● Your assignment:
Please print the entries below exactly, from the line with "<p>America's national parks" through the line with "May all your", including both of those lines and leaving out all others.

● Records provided:
%%

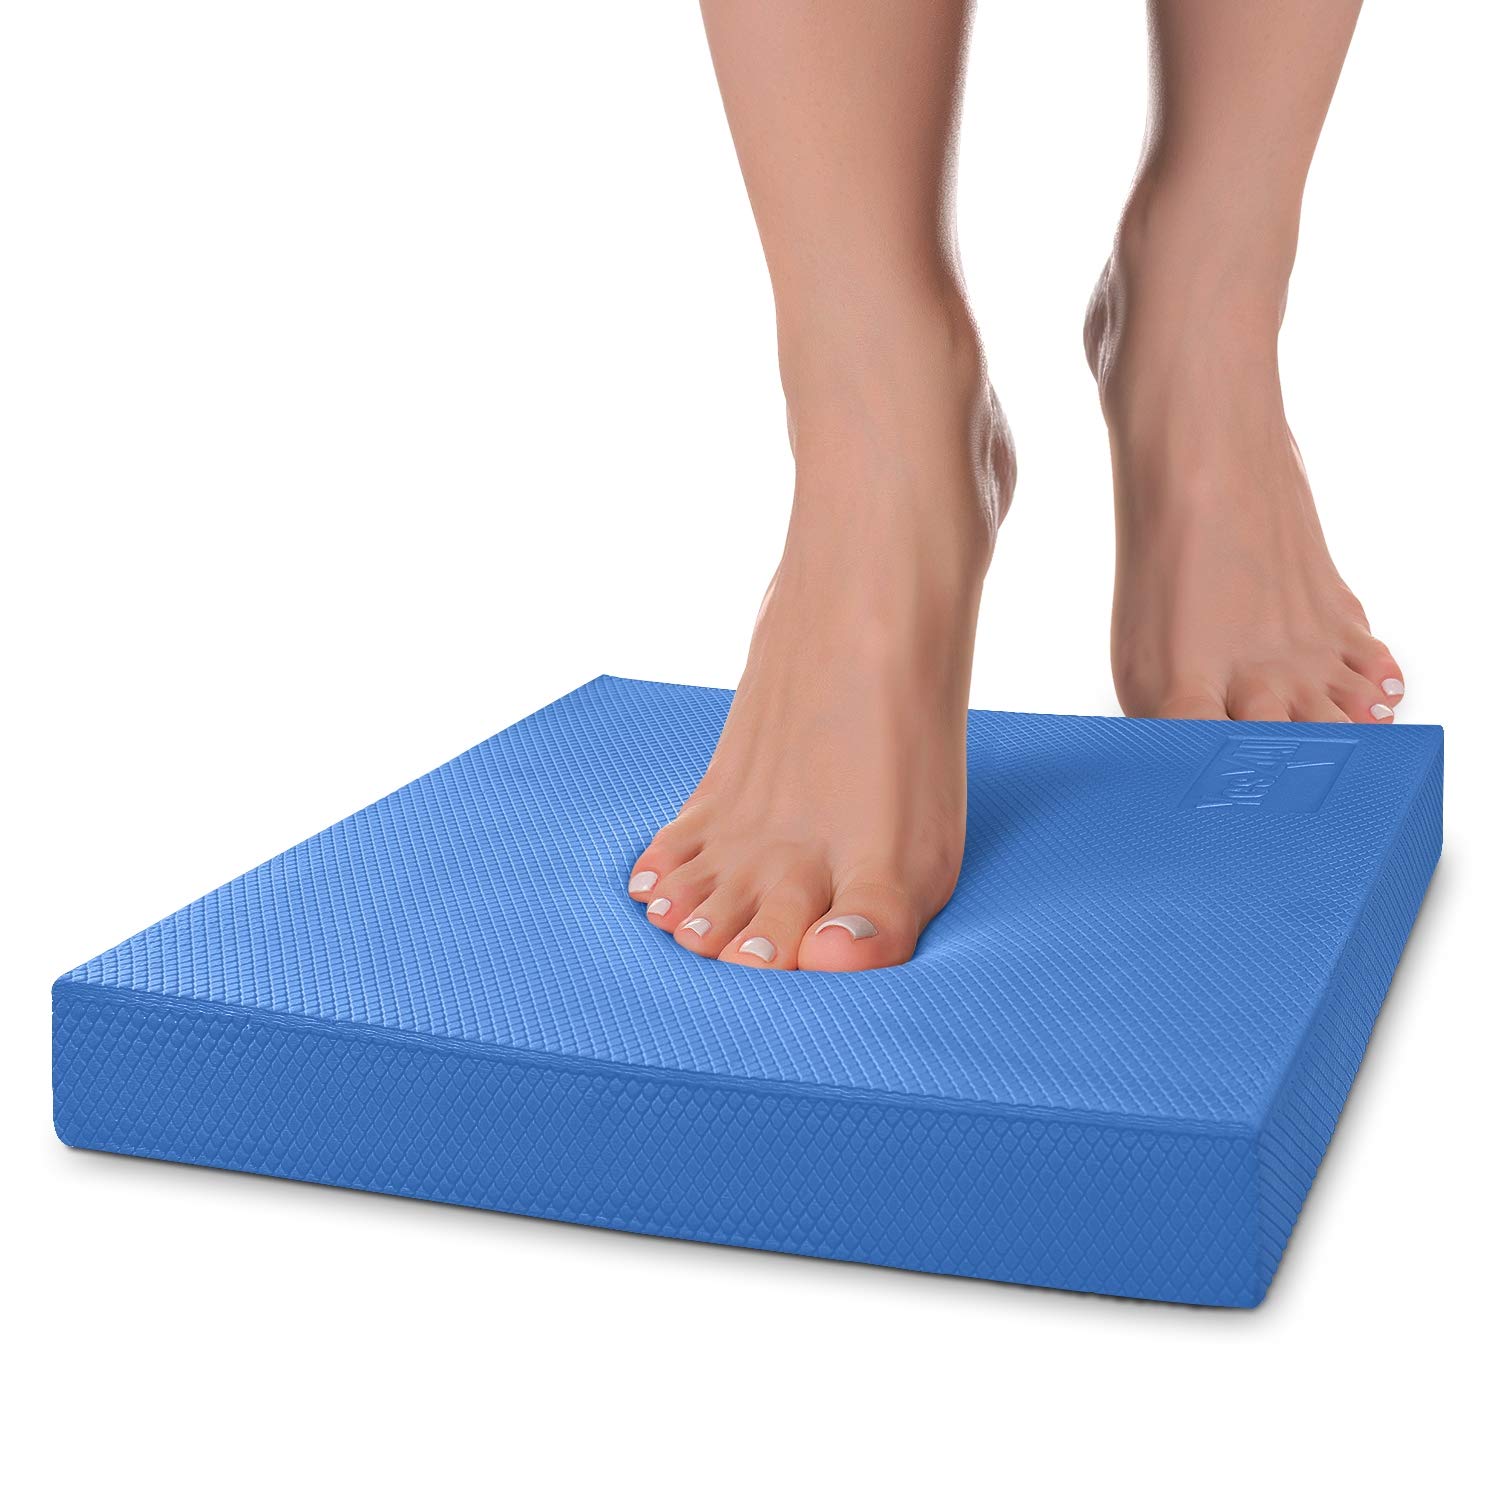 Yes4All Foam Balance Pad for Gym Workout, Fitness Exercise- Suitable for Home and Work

%%
%%

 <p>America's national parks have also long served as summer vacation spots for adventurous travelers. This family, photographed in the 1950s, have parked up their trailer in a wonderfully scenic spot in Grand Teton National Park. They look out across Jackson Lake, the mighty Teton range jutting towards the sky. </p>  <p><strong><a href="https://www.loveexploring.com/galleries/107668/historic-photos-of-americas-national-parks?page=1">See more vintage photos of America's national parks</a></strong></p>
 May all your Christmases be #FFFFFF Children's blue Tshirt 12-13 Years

%%
%%

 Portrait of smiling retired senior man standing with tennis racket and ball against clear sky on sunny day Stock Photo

%%

● Solution to the exercise:
 <p>America's national parks have also long served as summer vacation spots for adventurous travelers. This family, photographed in the 1950s, have parked up their trailer in a wonderfully scenic spot in Grand Teton National Park. They look out across Jackson Lake, the mighty Teton range jutting towards the sky. </p>  <p><strong><a href="https://www.loveexploring.com/galleries/107668/historic-photos-of-americas-national-parks?page=1">See more vintage photos of America's national parks</a></strong></p>
 May all your Christmases be #FFFFFF Children's blue Tshirt 12-13 Years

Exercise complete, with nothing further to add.